While we cannot automate the select few on Digicert, we can automate any of the self-signed certificates (you can use your own CA still in 2023) or any of the Let's Encrypt ones.
While I'm just one person, the only issues I've had with ACME stem from people registering false domains pointed at my IP, and an over enthusiatic WAF, which caused legitimate requests to get blocked.
Eh, I worked at the biggest Telco in Canada (50k employees), and we had failures all the time due to certs expiring.
It's incredible what happens when an organization is big enough, the years roll by, teams change, people leave and stuff just gets forgotten about. Even stuff that has tens of thousands of customers bringing in millions in revenue a year just doesn't have an owner or a person accountable. Happens every week.

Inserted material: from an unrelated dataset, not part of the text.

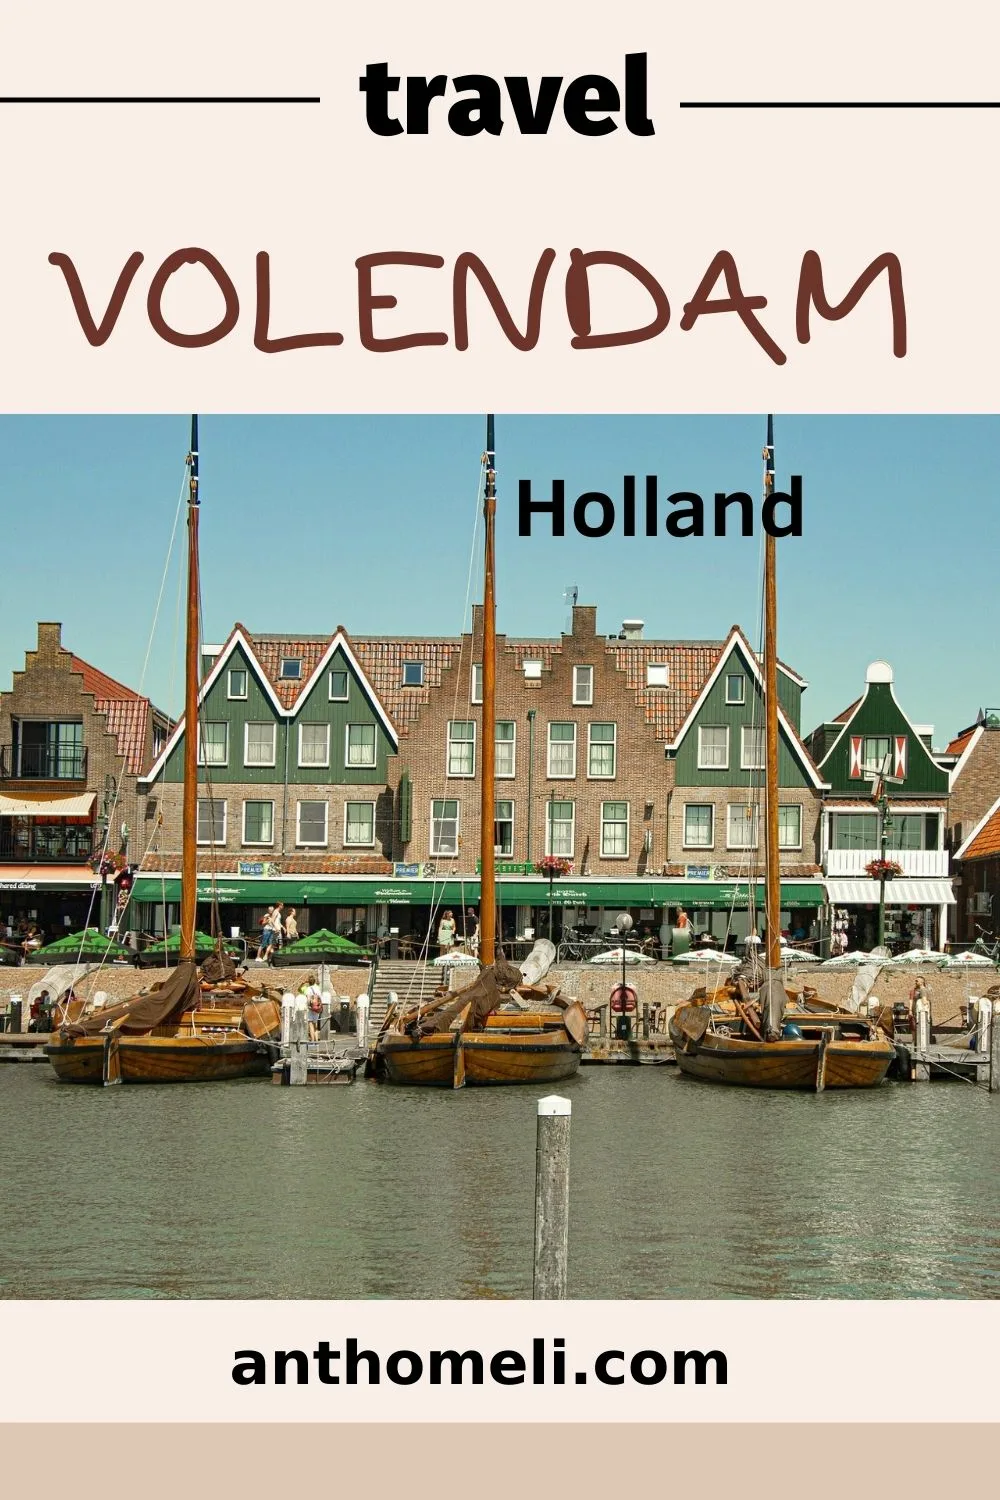 Το Βόλενταμ απέχει 20 χλμ. από το Άμστερνταμ και είναι ιδανικός προορισμός για μια  εκδρομή. Αξιοθέατα, μουσεία, ξύλινα σπίτια, παλιά πλοία και φαγητό με ψάρια.

No. It is really hard to convince the "Product Owner" that this automation is more important than the HR half-year review though (or whatever scrummy reason that has nothing to do with providing IT services and everything with building software products).
I really don’t like the short cert expiration and cynically think it’s an example of security practices default to something that makes money to a very niche group that charges per cert issued.
I’m extra annoyed because my internal CA at my org requires 1 year expirations and won’t up it even though it’s internal facing only servers that are already on our network. I don’t know what the odds are of a cert being compromised and fronting a new server on our network, but I don’t think the odds are improved with 1 year expiration periods over 5 years.
I’ve had the same GPG key for 15 years or so and plan on never changing it unless the key is compromised. Same for the locks on my house.